Friday, February 20, 2009

Success


In his runaway bestseller The Tipping Point, Malcolm Gladwell showed how ideas and products catch fire; in Blink, he explained why gut decisions are often better than well-thought-out responses. In his new book, Outliers: The Story of Success, Gladwell probes what separates the highly successful from everyone else.

What matters: Talent, yes. Timing and opportunity—crucial. And not surprisingly, good old-fashioned hard work and discipline. "What surprised me most were the ordinary methods successful people use to achieve all they achieve," he says. Success is the steady accumulation of advantages.

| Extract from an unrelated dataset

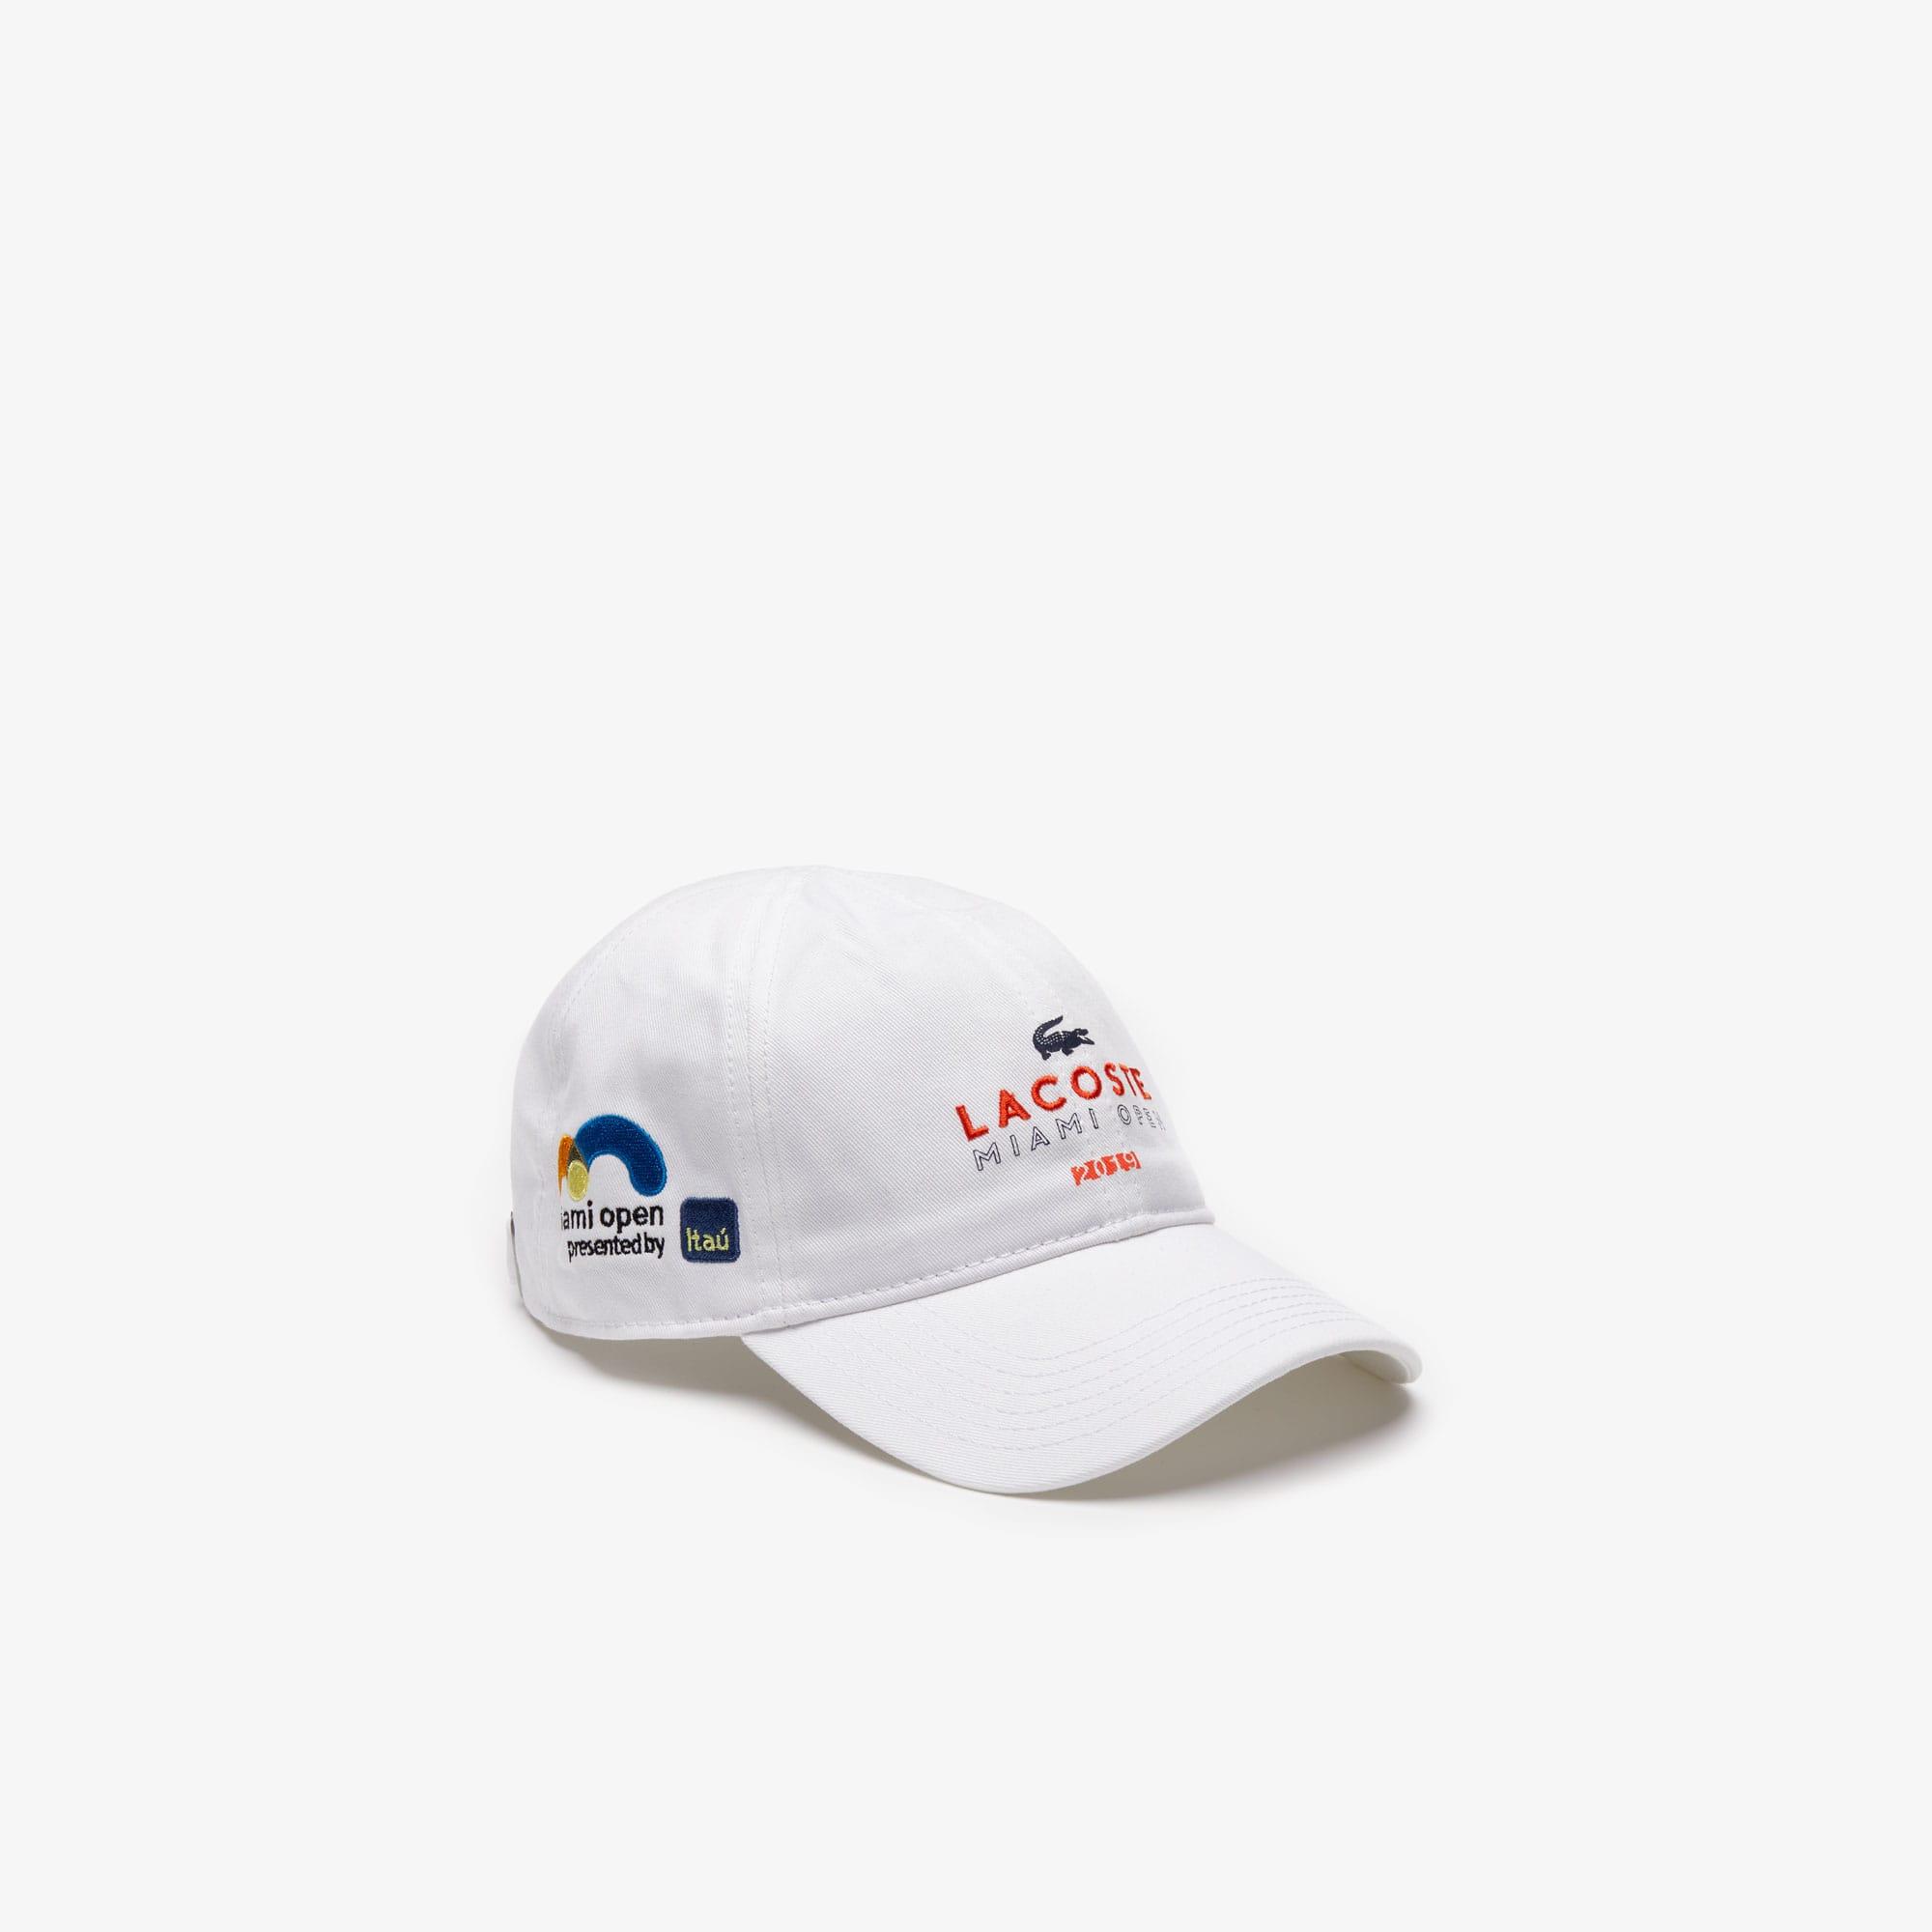 31231b7078b Lacoste Men's Sport Miami Open Edition Cap In White / Orange / Navy Blue

Gladwell himself is intimate with hard work and discipline. He grew up in rural Elmira, Canada, a place best known for its maple syrup festival. When his dad, a civil engineering professor, refused to drive young Malcolm 20 miles each morning to swim practice, the boy turned to running and became a high school champion. "Sometimes constraints actually create success," Gladwell says. "Not being able to swim made me run. And running taught me the discipline I needed as a writer."

Gladwell's Five Steps to Success


  1. Find meaning and inspiration in your work.

  2. Work hard.

  3. Discover the relationship between effort and reward.

  4. Seek out complex work to avoid boredom and repetition.

  5. Be autonomous and control your own destiny as much as possible.